PROBLEM TO WORK ON: Only the lines below from the one containing "A heavily carved" through the one containing "Shelf width - 1580 mm" belong in the answer, set down exactly, with the pictures left out.

RECORD SET:
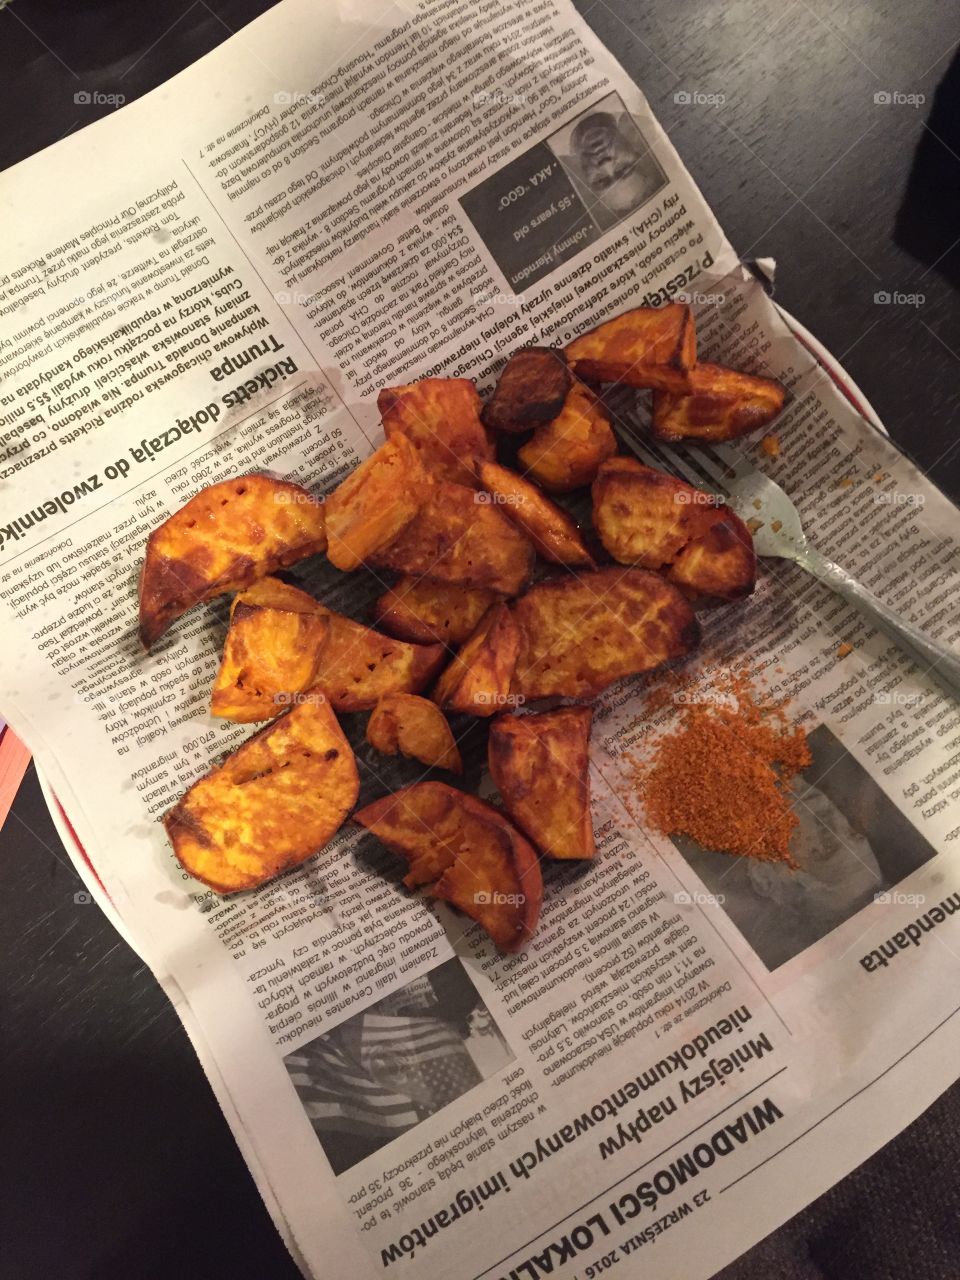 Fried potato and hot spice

==

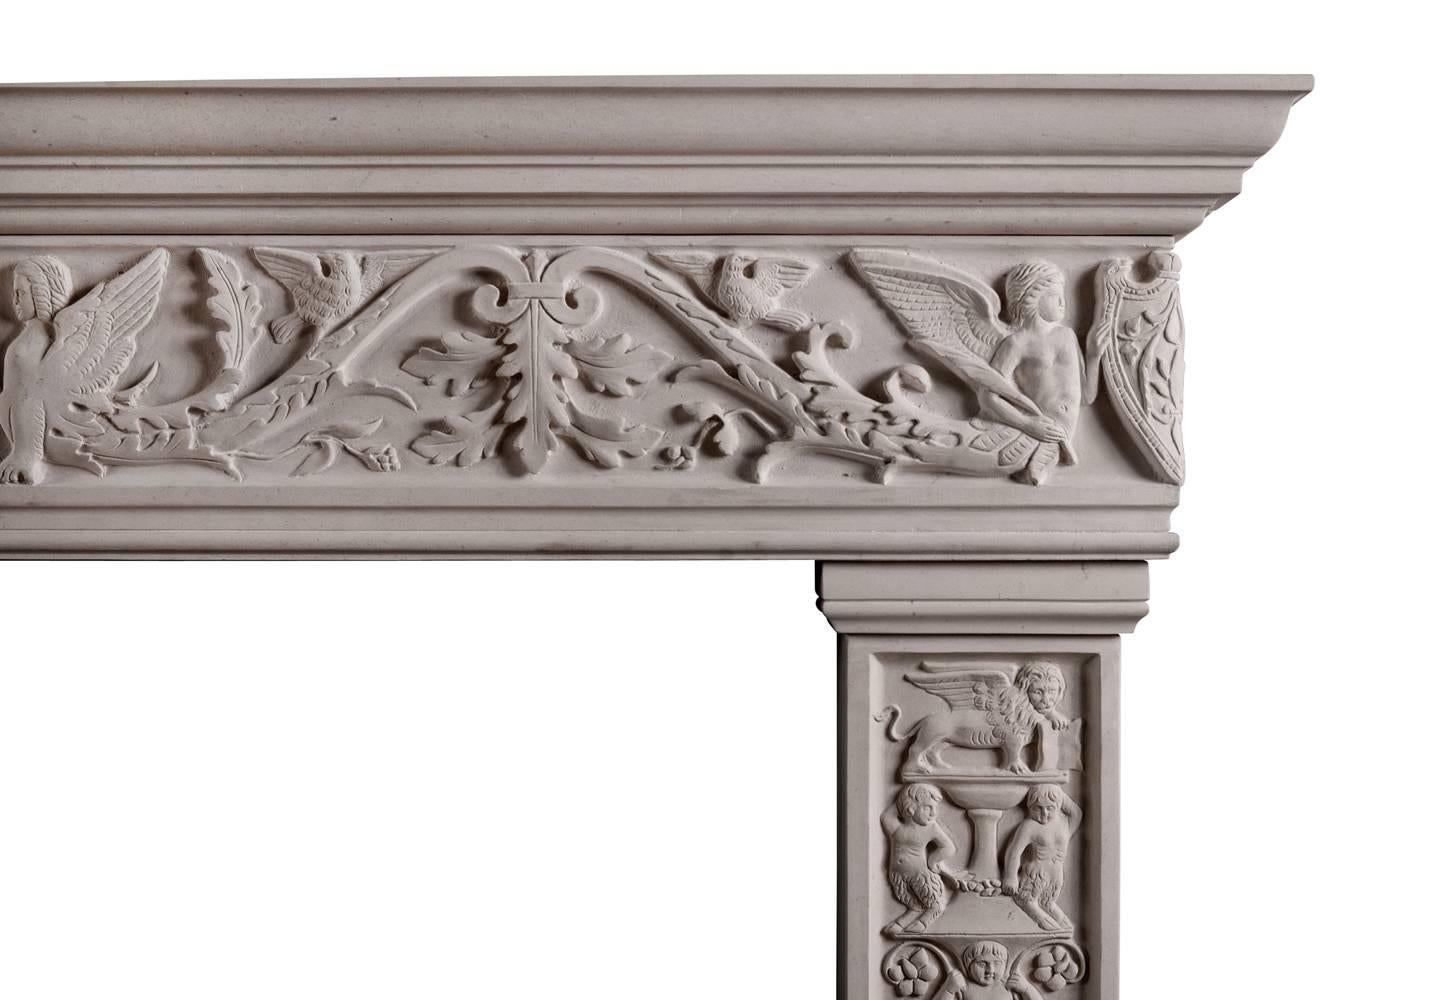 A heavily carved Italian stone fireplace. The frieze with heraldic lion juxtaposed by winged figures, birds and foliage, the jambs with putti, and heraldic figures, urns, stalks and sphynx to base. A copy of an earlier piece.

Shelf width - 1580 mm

OUTPUT OF THE EXERCISE:
 A heavily carved Italian stone fireplace. The frieze with heraldic lion juxtaposed by winged figures, birds and foliage, the jambs with putti, and heraldic figures, urns, stalks and sphynx to base. A copy of an earlier piece.

Shelf width - 1580 mm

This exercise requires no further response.